Em artigo publicado no blog nesta segunda-feira, 21, o ex-ministro da Justiça Miguel Reale Júnior defendeu a competência do STF para processar o caso. “A prova de um fato implica e interfere na prova de outro”, escreveu.
O criminalista Celso Vilardi, mestre em Direito Processual Penal, discorda. Para o advogado, a manutenção do caso no STF contraria o histórico de decisões do próprio tribunal.
“O STF vinha se posicionando de forma absolutamente restritiva em relação ao foro por prerrogativa de função, mesmo em casos com conexão evidente. Por exemplo, há casos de acusação de corrupção contra autoridade com foro e coautor sem foro que o Supremo chegou a mandar embora”, relembra.
Investigações sensíveis a Bolsonaro estão com Moraes
A alegada conexão do caso das joias remonta a outras investigações sensíveis a Bolsonaro que estão nas mãos de Alexandre de Moraes. A principal delas, citada expressamente na decisão que autorizou buscas sobre a venda das joias, é a investigação das milícias digitais.
O inquérito das milícias digitais nasceu derivado de outra frente de apuração que mira aliados e apoiadores bolsonaristas: o inquérito dos atos antidemocráticos. Na ocasião, o caso precisou ser arquivado por determinação da Procuradoria-Geral da República (PGR). Antes de encerrá-lo, porém, Moraes, na condição de relator, autorizou o intercâmbio de provas e mandou rastrear o que chamou de “organização criminosa”. Bolsonaro é um dos investigados no caso.
O procurador de Justiça César Dario Mariano, do Ministério Público de São Paulo, não vê conexão entre o inquérito das milícias digitais e o caso das joias. “Até agora não há ninguém foi processado pela tal das milícias digitais e a gente nem sabe se haverá. Esse inquérito não pode ficar aberto infinitamente atraindo outras investigações”, afirma.
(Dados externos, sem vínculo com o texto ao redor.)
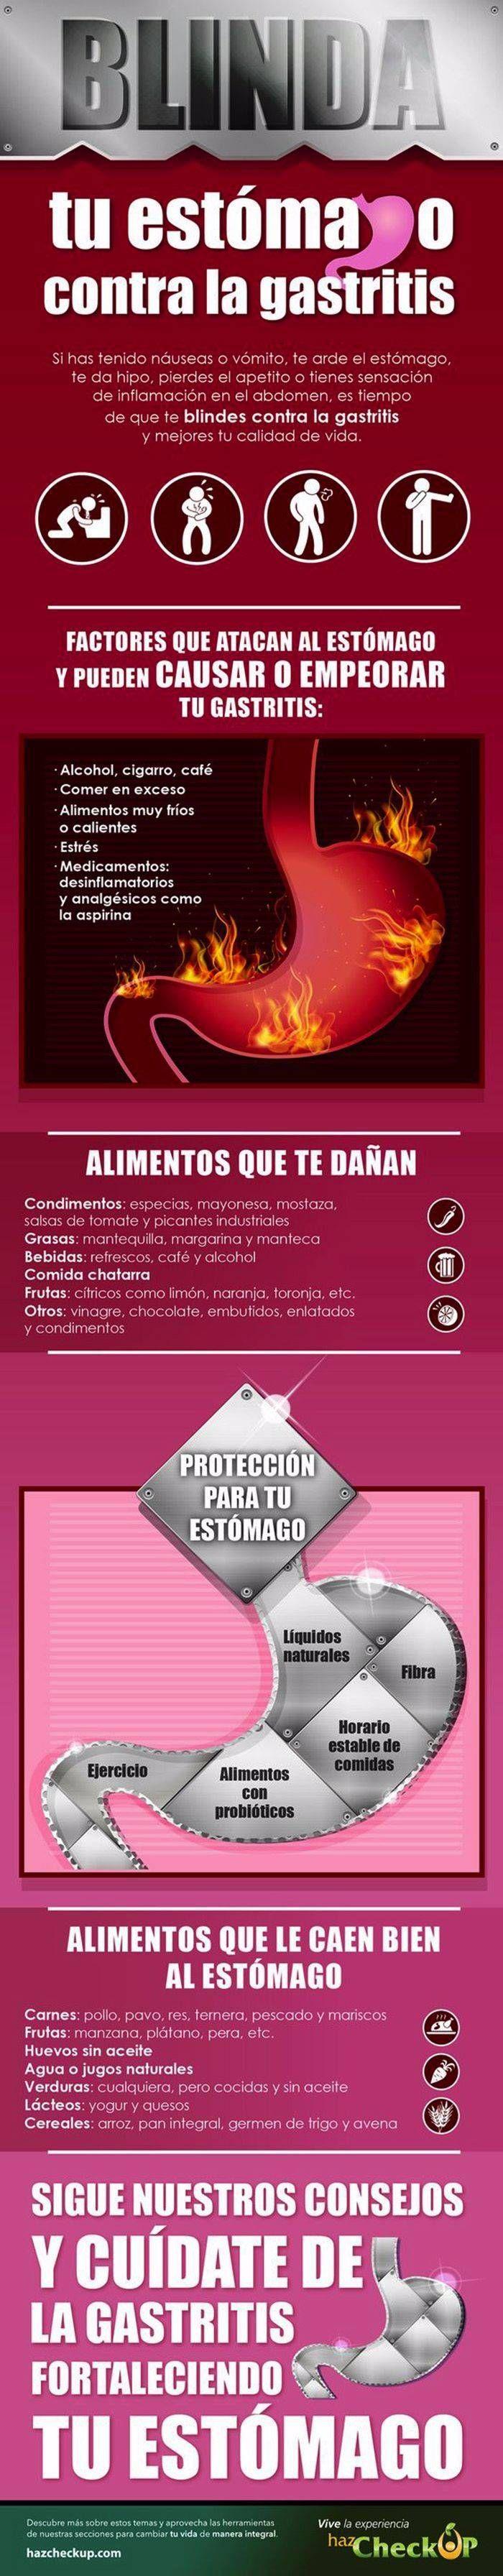 Alimentos y hábitos que dañan tu estómago y alimentos recomendados para prevenir la gastritis. #infografias #gastritis #salud

Para o procurador, o Supremo Tribunal Federal é “absolutamente incompetente” para processar a investigação as joias. Ele alerta que, se um eventual julgamento for mantido no STF, os denunciados serão prejudicados, porque terão direito a recurso. “Isso viola o duplo grau de jurisdição. A pessoa não pode recorrer, não tem a quem recorrer”, explica.
Em 2019, quando o STF se tornou alvo de pesados ataques, após decidir que casos de corrupção ligados a crimes eleitorais deveriam ser processados na Justiça Eleitoral, o tribunal fixou que estava apto a se defender. A Corte validou, em votação quase unânime no plenário, uma interpretação ampliada do regimento interno para confirmar a própria atribuição na investigação de ofensas e ameaças aos ministros e instituições democráticas. O caso ficou conhecido como inquérito das fake news e também mira bolsonaristas.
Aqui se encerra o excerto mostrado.